Before multivariate statistical analysis, peaks with a retention time less than 0.5 min (near to the dead time) were excluded due to a high degree of ion suppression that they suffered [35]. The datasets from positive and negative ionization modes contained 1018 and 1060 variables with control and MMI groups, the values were 899 and 1162 respectively with control and PTU groups, and the values were 957 and 909 with Sham and Hypo groups. The two datasets from positive and negative ionization modes were combined as a new dataset. To determine whether the metabolite fingerprints in urine differed between the control and hypothyroid groups in our metabonomic approach, we constructed partial least squares linear discriminant analysis (PLS-DA) models which had been widely used in metabonomic study [36], [37]. In this study, three PLS-DA models were established and employed to identify biomarkers which were related to MMI-, PTU- and thyroidectomy-induced hypothyroidism, which are showed in Figure 3. Commonly, R2Y provides an estimate of how well the model fits the Y data, whereas Q2Y is an estimate of how well the model predicts the Y [28]. In order to gain high predictive ability, the values of R2Y and Q2Y should be close to 1. The related parameters of the three PLS-DA models are given in Figure 3. As Figure 3 shows, there is a distinguished classification between the clustering of the control and MMI groups (Figure 3A), the control and PTU groups (Figure 3B), as well as the Sham and Hypo groups (Figure 3C).
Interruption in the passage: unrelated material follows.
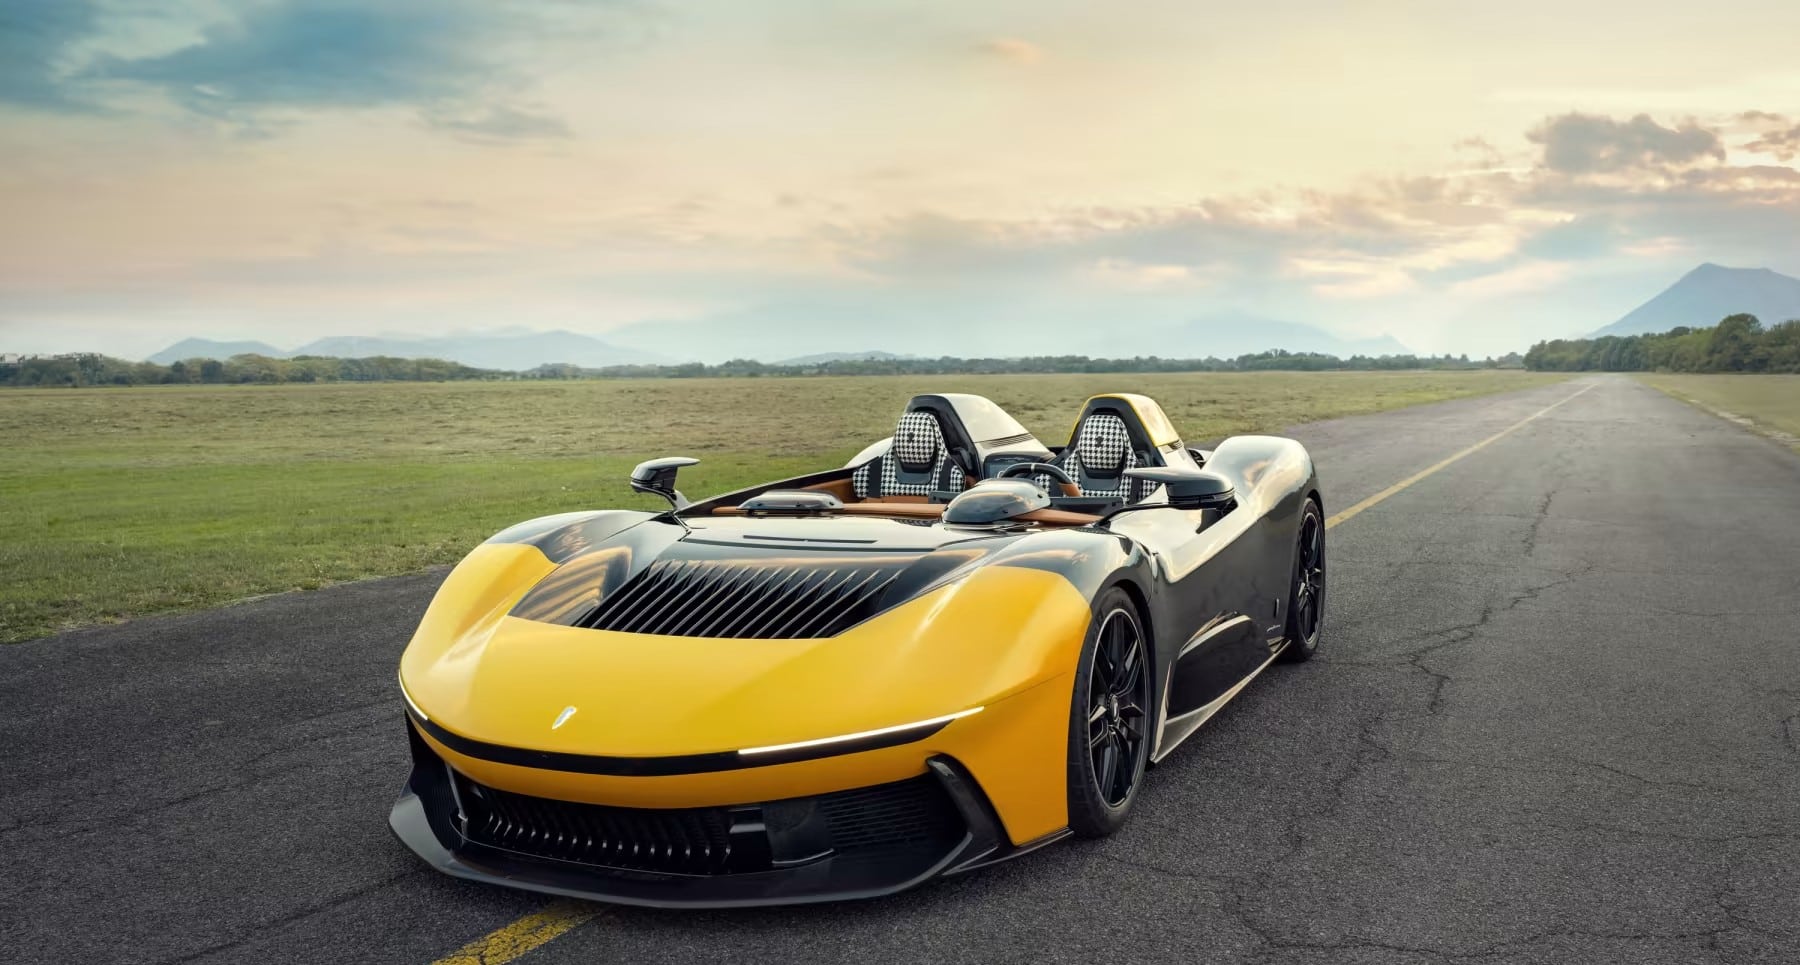 The ‘hypercar’ that will set you back AED 17 million
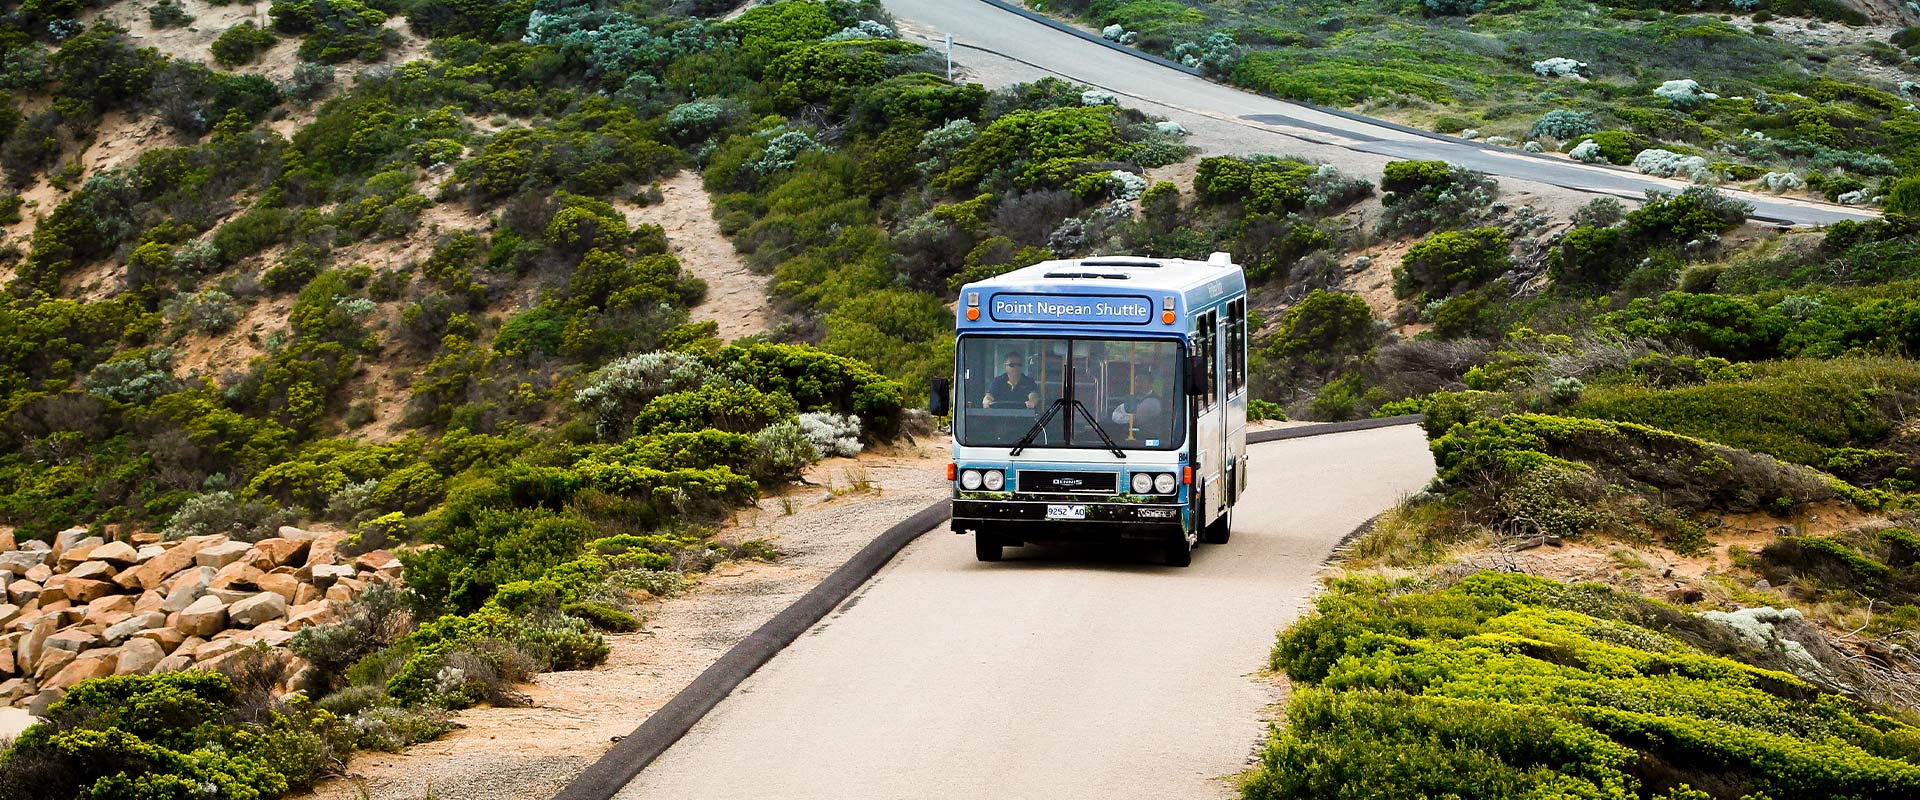 A bus drives along a narrow road with coastal shrubs eithers side

The R2Y and Q2Y were all above 0.99 and 0.89 in the three models, respectively, which indicated that the models had good prediction characteristics.

Figure 3. PLS-DA scores plot (top panel), loading plot (middle panel) and S-plot (bottom panel) of the UHPLC/TOF-MS spectral from control group (box) and hypothyroid group (dot).

(A: control group vs MMI group; B: control group vs PTU group; C: control group vs thyroidectomy-induced hypothyroid group).

Detection and identification of biomarker candidates

To select potential biomarkers related to hypothyroidism, statistically significant differences for the variables between the Sham, Sham + SND, Hypo, Hypo + SND, Hypo + T4 groups were tested by ANOVA and the Tukey Post hoc test for comparisons of multiple groups. Metabolites that differed significantly between Sham and Hypo groups after correction for multiple comparisons (false discovery rate q<0.05) were identified as candidate biomarkers. Next, the corresponding loading plot and S-plot (shown in Figure 3) were used to further screen these candidate biomarkers, in which the ions furthest away from the origin contributed remarkably to the separation of the Sham and Hypo groups and may be regarded as potential biomarkers. Furthermore, the variable importance for projection (VIP) reflecting the importance of variables has been applied to filter the important metabolites in the model. In this study, metabolite ions with VIP value >1.5 were considered as potential biomarkers. Following the criterions above, 19 metabolite ions were selected as potential biomarkers related with thyroidectomy-induced hypothyroidism. With similar selection process, 17 and 21 metabolite ions were screened out as the biomarkers related with MMI- and PTU-induced hypothyroidism, respectively.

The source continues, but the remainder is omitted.